Medically Reviewed by Dr. K on 19 April 2021

Cardiac Ablation

What Is Cardiac Ablation?

This method utilizes energy to create tiny scars in the tissue of your heart. They block abnormal electrical signals that travel through your heart and trigger an irregular heartbeat (your doctor might call it arrhythmia). Atrial fibrillation (AF), a form of irregular heartbeat, may also be treated with cardiac ablation. If this is the case, your doctor can refer to the procedure as atrial fibrillation ablation.

If medications and resetting the heartbeat, also known as cardioversion, do not function, the doctor can try cardiac ablation.

Types of Cardiac Ablation

Your doctor will perform ablation in two ways. The most usual treatment is catheter ablation.

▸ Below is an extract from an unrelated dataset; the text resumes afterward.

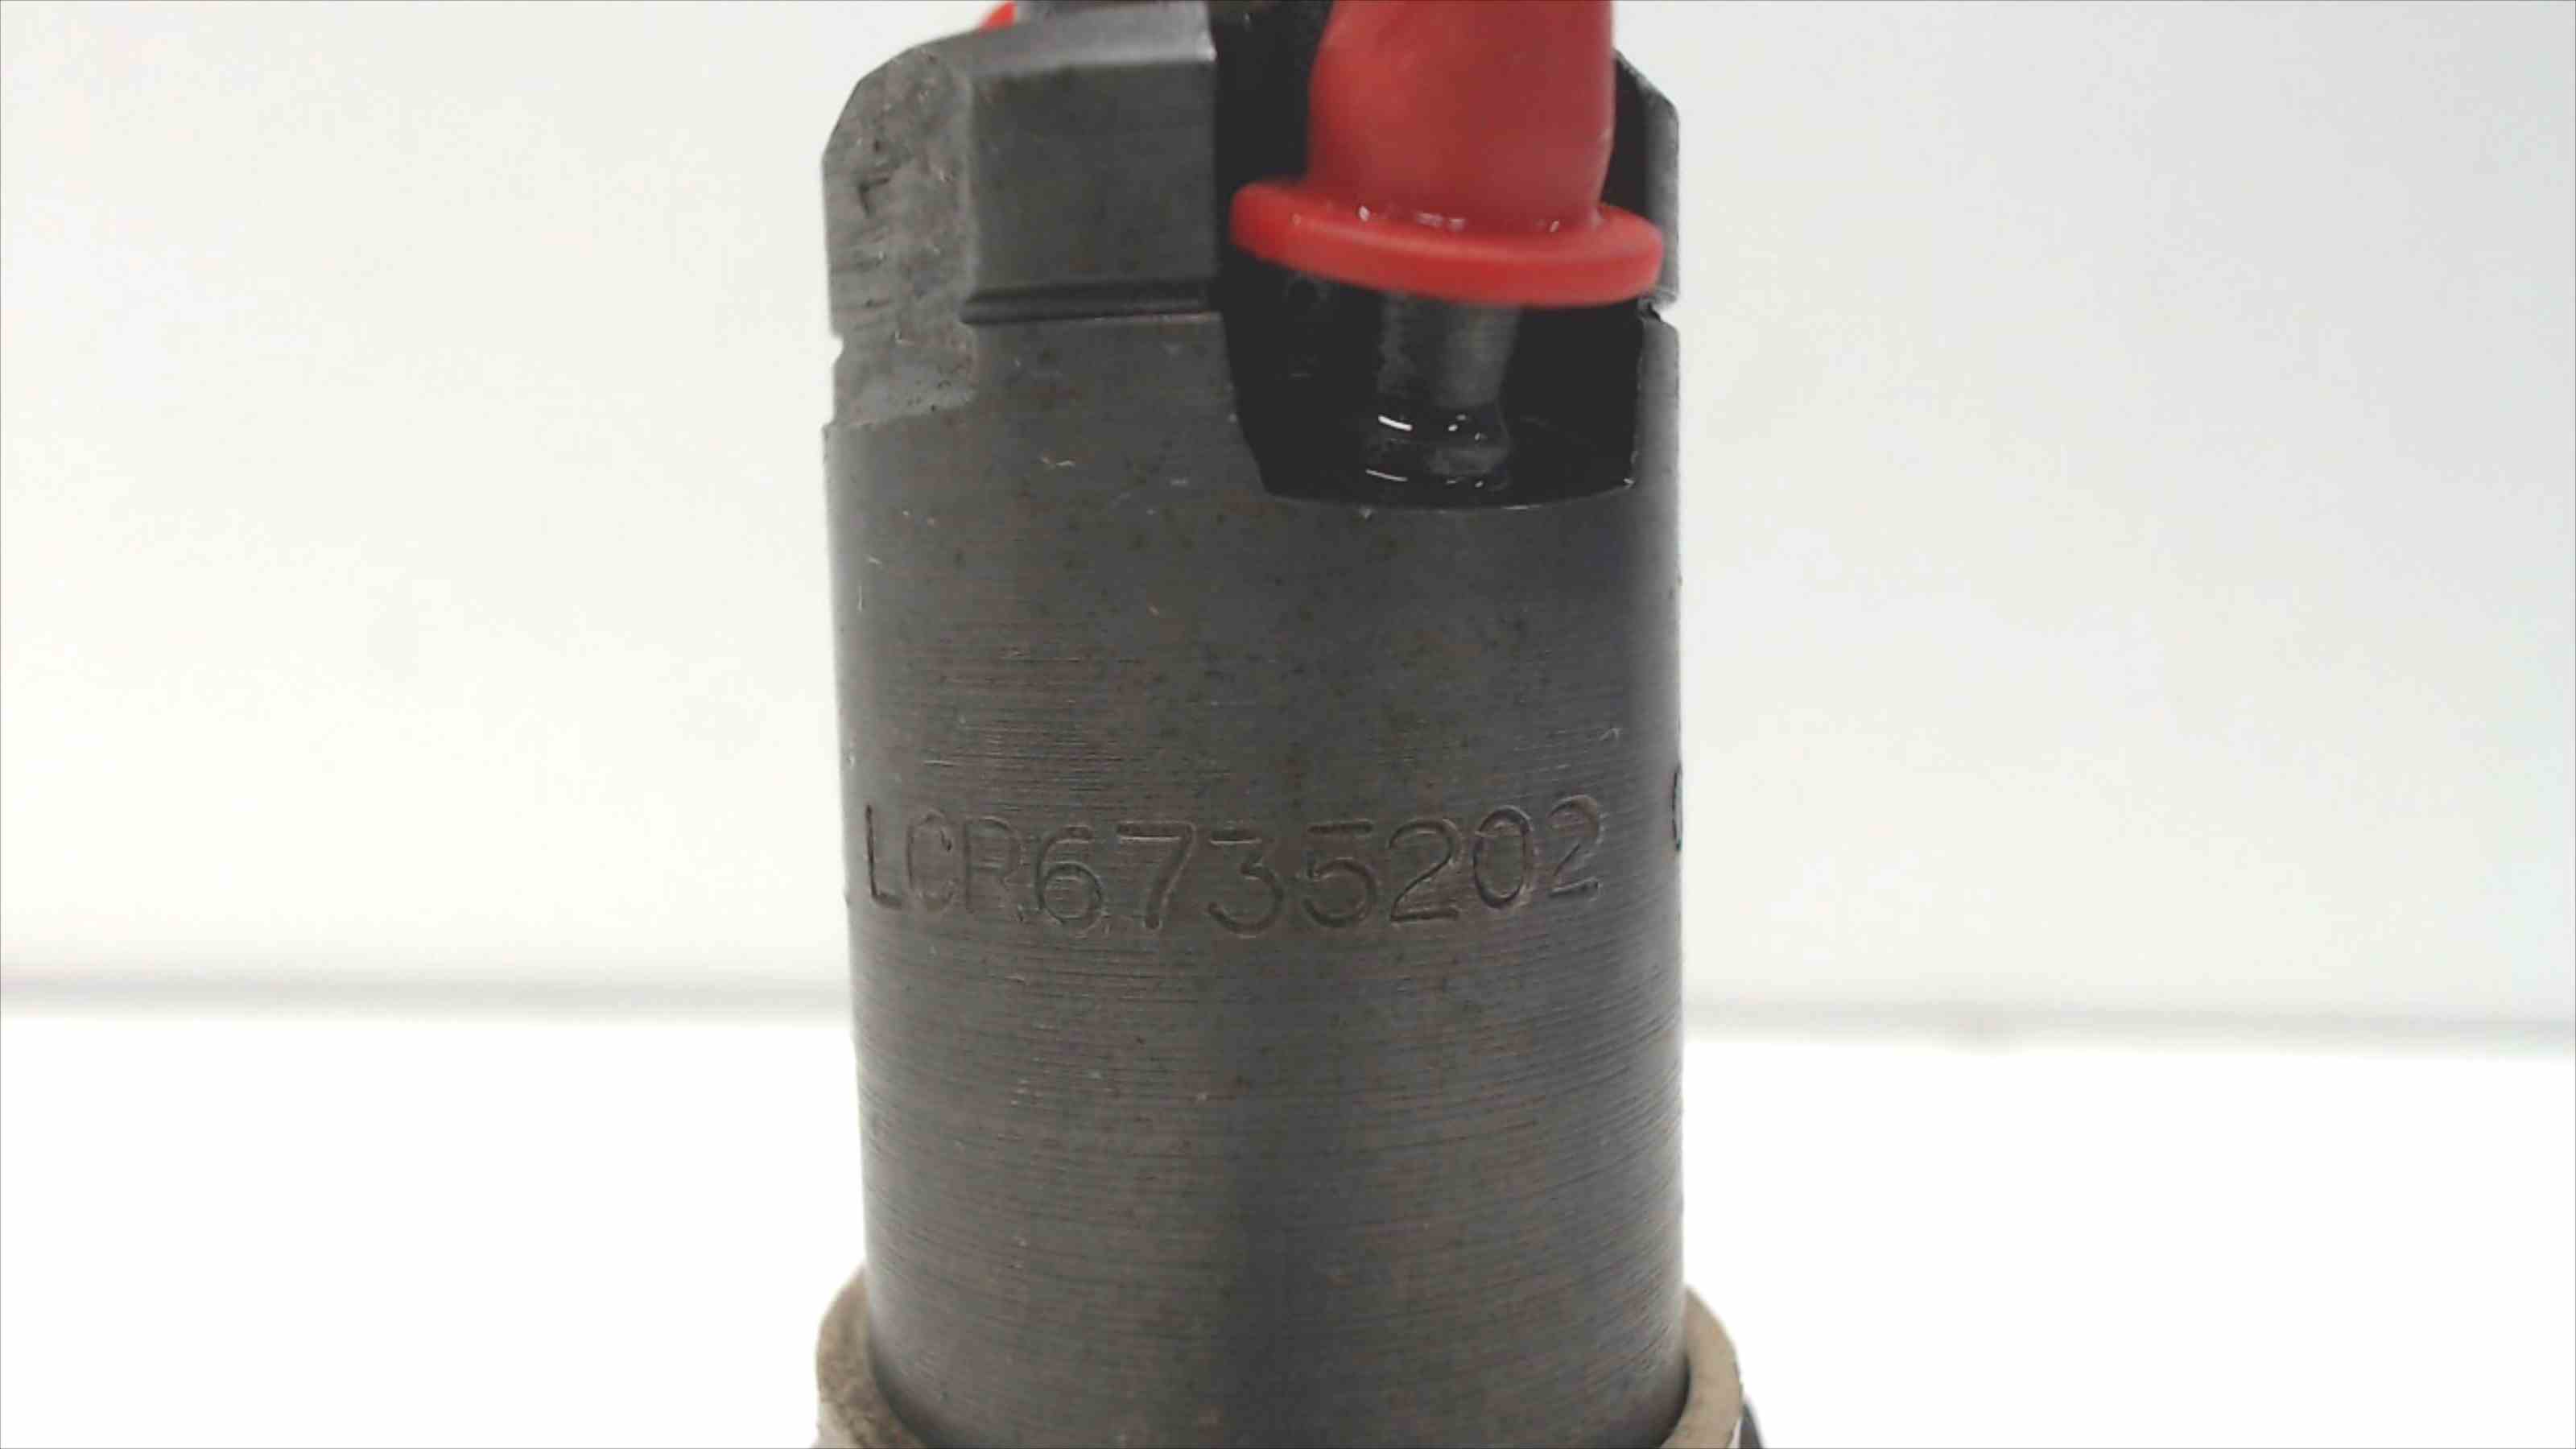 SUZUKI Vitara 1 generation (1988-2006) Fuel Injector LCR6735202 24689879

Types of cardiac catheter ablation

Catheter ablation, also known as radiofrequency ablation or pulmonary vein ablation, is not a surgical procedure. Your doctor inserts a small, flexible tube called a catheter into a blood vessel in your leg or neck and directs it to your heart. When it enters the region causing the arrhythmia, it has the ability to kill those cells. This aids in restoring the heartbeat’s regularity. There are two types:

  • Radiofrequency ablation. The doctor utilizes catheters to deliver radiofrequency energy (similar to microwave heat) to each vein or group of veins, which creates circular scars around each vein or group of veins.
  • Cryoablation. A single catheter delivers a balloon containing a material that freezes the tissues, causing a scar.

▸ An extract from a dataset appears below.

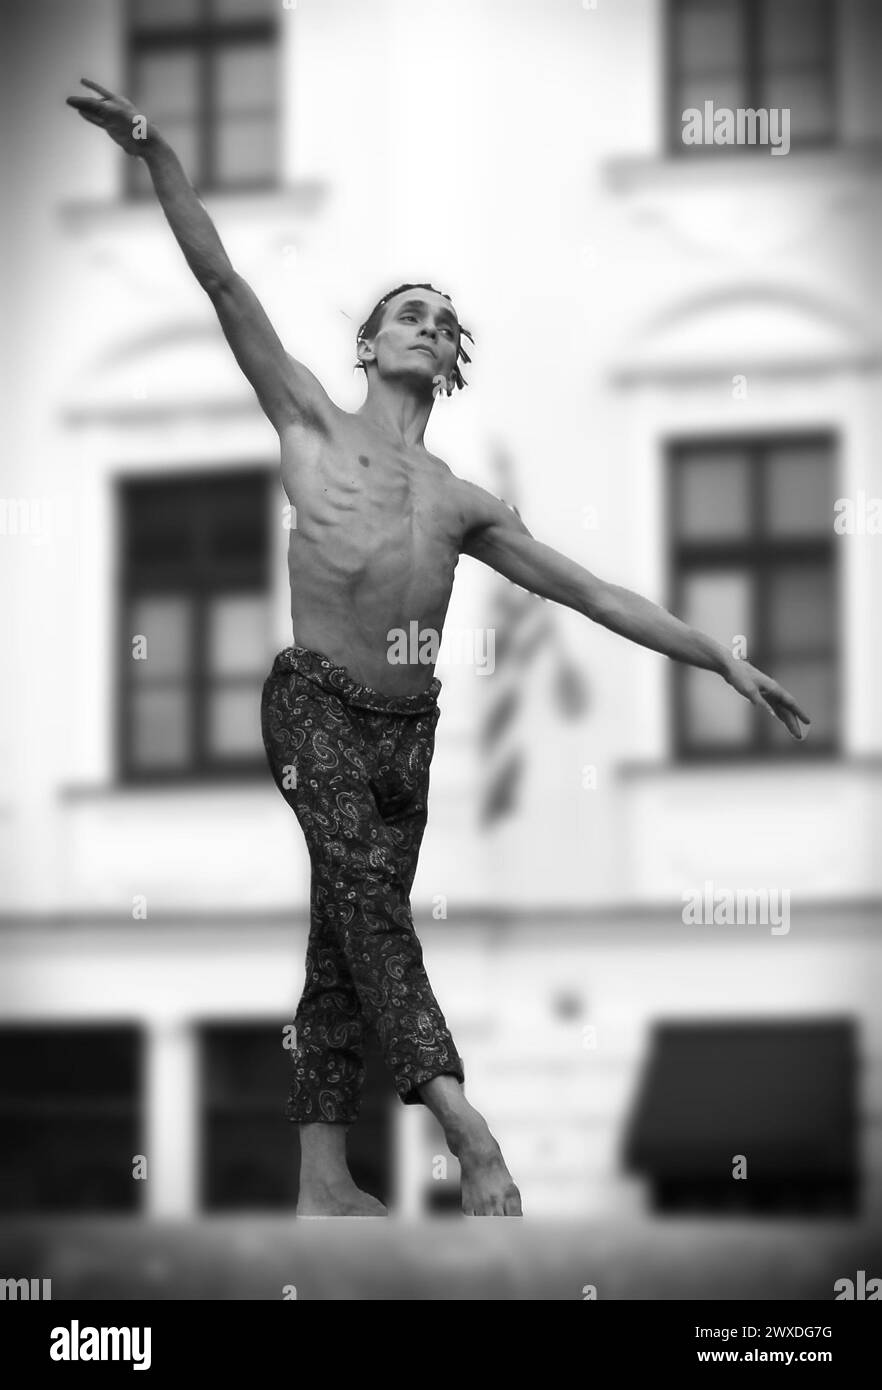 Street artist - a ballet dancer dancing on a fountain rim Stock Photo

Types of cardiac surgical ablation

Surgical ablation helps make a cut in your stomach. There are three major types:

  • Maze procedure. This is normally done when you are undergoing open heart surgery for another concern, such as a bypass or valve replacement. They make tiny incisions in the upper part of your heart and stitch them together to form scar tissue that prevents abnormal heart signals.
  • Mini maze. The majority of people with AF do not need open heart surgery. This is where the less intrusive type takes place. To perform catheter ablation, the doctor makes some tiny cuts between your ribs and utilizes a camera. Some hospitals have robotic-assisted surgery, which helps with smaller incisions and a more accurate operation. A video camera or a tiny robot will be implanted in your chest by your doctor. It will guide the formation of scar tissue, which may aid in the regularity of your heartbeat.
  • Convergent procedure. Catheter ablation is combined with a mini maze in this procedure. The doctor uses radiofrequency ablation to treat the pulmonary vein, and a surgeon makes a small incision under your breastbone to treat the outside of your heart with radiofrequency energy.

Risks of Cardiac Ablation

Any operation carries some risk. Cardiovascular ablation complications may include the following:

  • Bleeding or infection where the catheter went in
  • Damaged blood vessels if the catheter scrapes them
  • Arrhythmias caused by damage to your heart’s electrical system
  • Blood clots in your legs or lungs
  • Heart damage, like punctures or damaged valves
  • Stroke or heart attack
  • Narrowing of the veins between your lungs and heart
  • Kidney damage from the dye
  • Radiation
  • Death

What Are the Benefits of Ablation?

Without treatment for AF, the risk of blood clots, heart failure, or stroke increases. These are potentially fatal.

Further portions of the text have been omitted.